A wild rosebush bloomed in my yard this week. The bush had sprung up unexpectedly and blooms only once a year—each time a beautiful surprise.  Today, while I was doing my garden chores, the delicate blossoms stopped me in my tracks. I paused in amazement. What was I experiencing? Savoring.

Savoring, according to Loyola University psychologist Fred Bryant is taking time to focus on the good and beautiful in our lives—simply pausing to note the beauty without attachment. His research has shown that savoring can improve our health by decreasing anxiety, rumination, guilt, and shame while increasing happiness and optimism (Bryant, 1989; 2003).

But most of the time, instead of focusing on the good in our lives, we focus on the negative. Psychologists call this the “negativity bias” (Rozin, & Royzman, 2001). This bias helped our ancestors survive when a sudden noise or movement meant a prey animal might be stalking them. But now, in our daily lives, we unconsciously scan for threats, reacting to anything out of the ordinary. In today’s world of continual change, the negativity bias can keep us on constant alert, filling our minds with fear,  anxiety, and a dark, foreboding view of the world.
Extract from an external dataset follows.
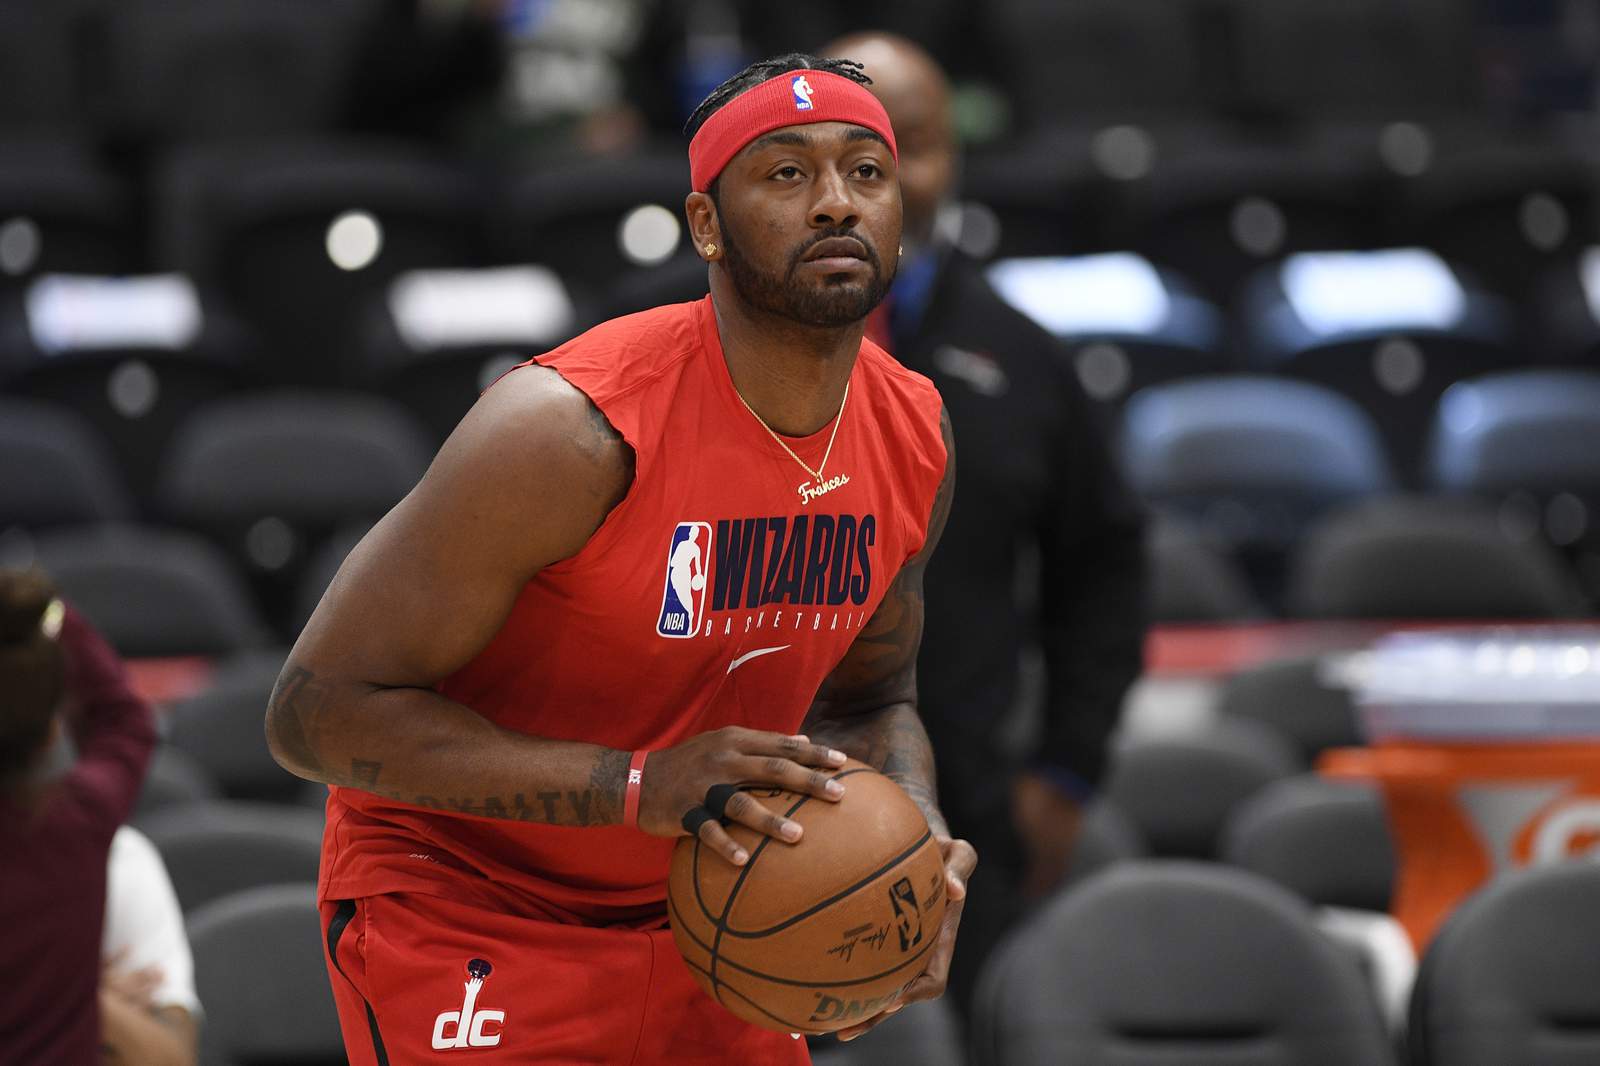 In Rockets trade with Wizards, Wall’s health will be questioned in first action since 2018 season

Savoring breaks through negativity, bringing us what psychologist Barbara Fredrickson has called the “broaden and build” effect of positive emotions, broadening our perspective and building our resources, transforming our lives and enabling us to flourish (Fredrickson, 2001).

What about you? Will you take a few moments to savor the beauty in your world today? You can do this by stepping outside or simply walking over to the window. Pause, take a deep breath, and look at some aspect of the natural world:

  • a tree, noting the texture of its bark, the strength in its trunk, the vibrant green of its leaves, or
  • a flower, noting the color and shape of this delicate blossom, or perhaps
  • a squirrel scampering across the fence, or
  • a bird in flight, or
  • the dynamic patterns of clouds in the sky.

Breathe in oneness with what you see.

Then gradually return to yourself, noting how you feel.

Namaste,

Diane

 

 

References

Bryant, F. B. (1989). A Four-factor model of perceived control: Avoiding, Coping, Obtaining, and Savoring. Journal of Personality, 57, 773-797.

Bryant, F. B. (2003). Savoring Beliefs Inventory (SBI): A scale for measuring beliefs about savoring. Journal of Mental Health, 12, 175-196.

Fredrickson, B. (2001). The role of positive emotions in positive psychology. American Psychologist, 56, 218-226.

Rozin, P., & Royzman, E. B. (2001). Negativity bias, negativity dominance, and contagion. Personality and Social Psychology Review, 5, 296-320.